Application of Laser-Induced, Deep UV Raman Spectroscopy and Artificial Intelligence in Real-Time Environmental Monitoring-Solutions and First Results.

Environmental monitoring of aquatic systems is the key requirement for sustainable environmental protection and future drinking water supply. The quality of water resources depends on the effectiveness of water treatment plants to reduce chemical pollutants, such as nitrates, pharmaceuticals, or microplastics. Changes in water quality can vary rapidly and must be monitored in real-time, enabling immediate action. In this study, we test the feasibility of a deep UV Raman spectrometer for the detection of nitrate/nitrite, selected pharmaceuticals and the most widespread microplastic polymers.

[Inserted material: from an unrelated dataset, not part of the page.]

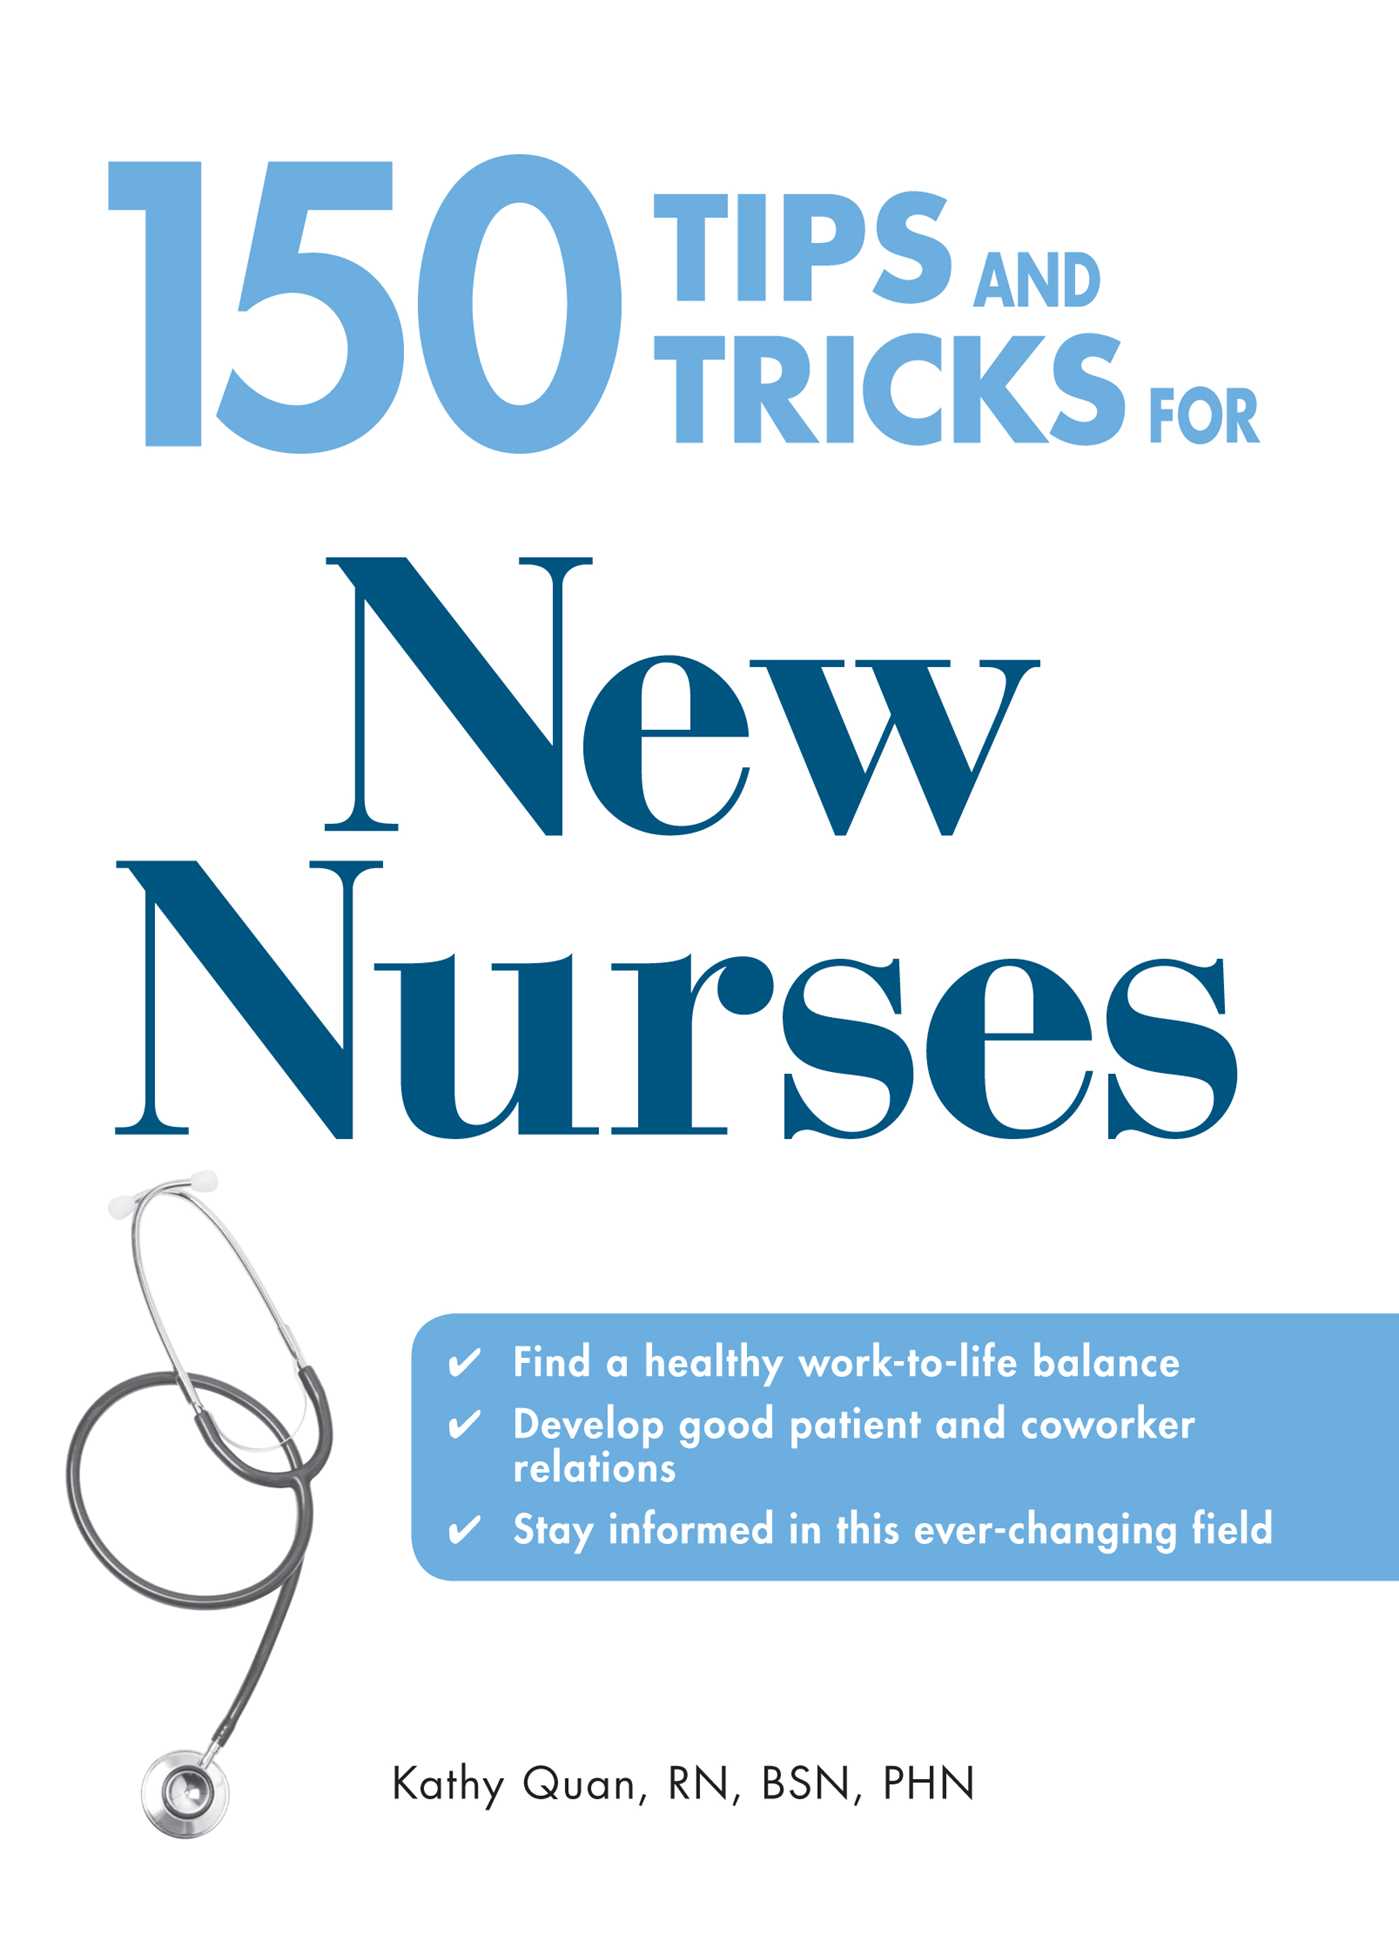 150 Tips and Tricks for New Nurses : Balance a hectic schedule and get the sleep you need…Avoid illness and stay positive…Continue your education and keep up with medical advances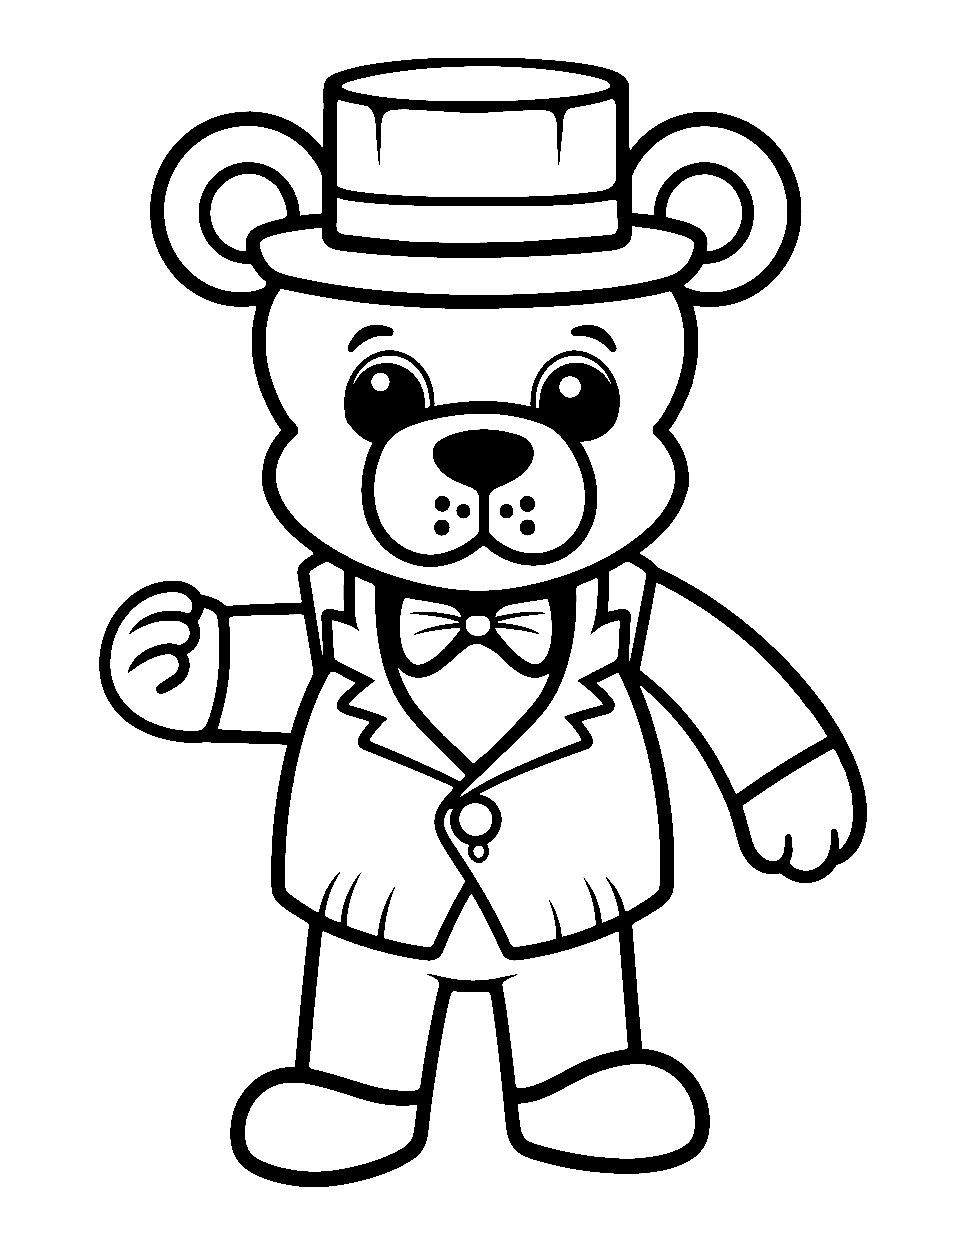 Cool Kawaii Freddy Five Nights at Freddys Coloring Page - Freddy looking cool and kawaii with a simple background.

Software utilizing artificial intelligence, such as a convolutional neural network, is trained for recognizing typical spectral patterns of individual pollutants, once processed by mathematical filters and machine learning algorithms. The results of an initial experimental study show that nitrates and nitrites can be detected and quantified. The detection of nitrates poses some challenges due to the noise-to-signal ratio and background and related noise due to water or other materials. Selected pharmaceutical substances could be detected via Raman spectroscopy, but not at concentrations in the µg/l or ng/l range. Microplastic particles are non-soluble substances and can be detected and identified, but the measurements suffer from the heterogeneous distribution of the microparticles in flow experiments.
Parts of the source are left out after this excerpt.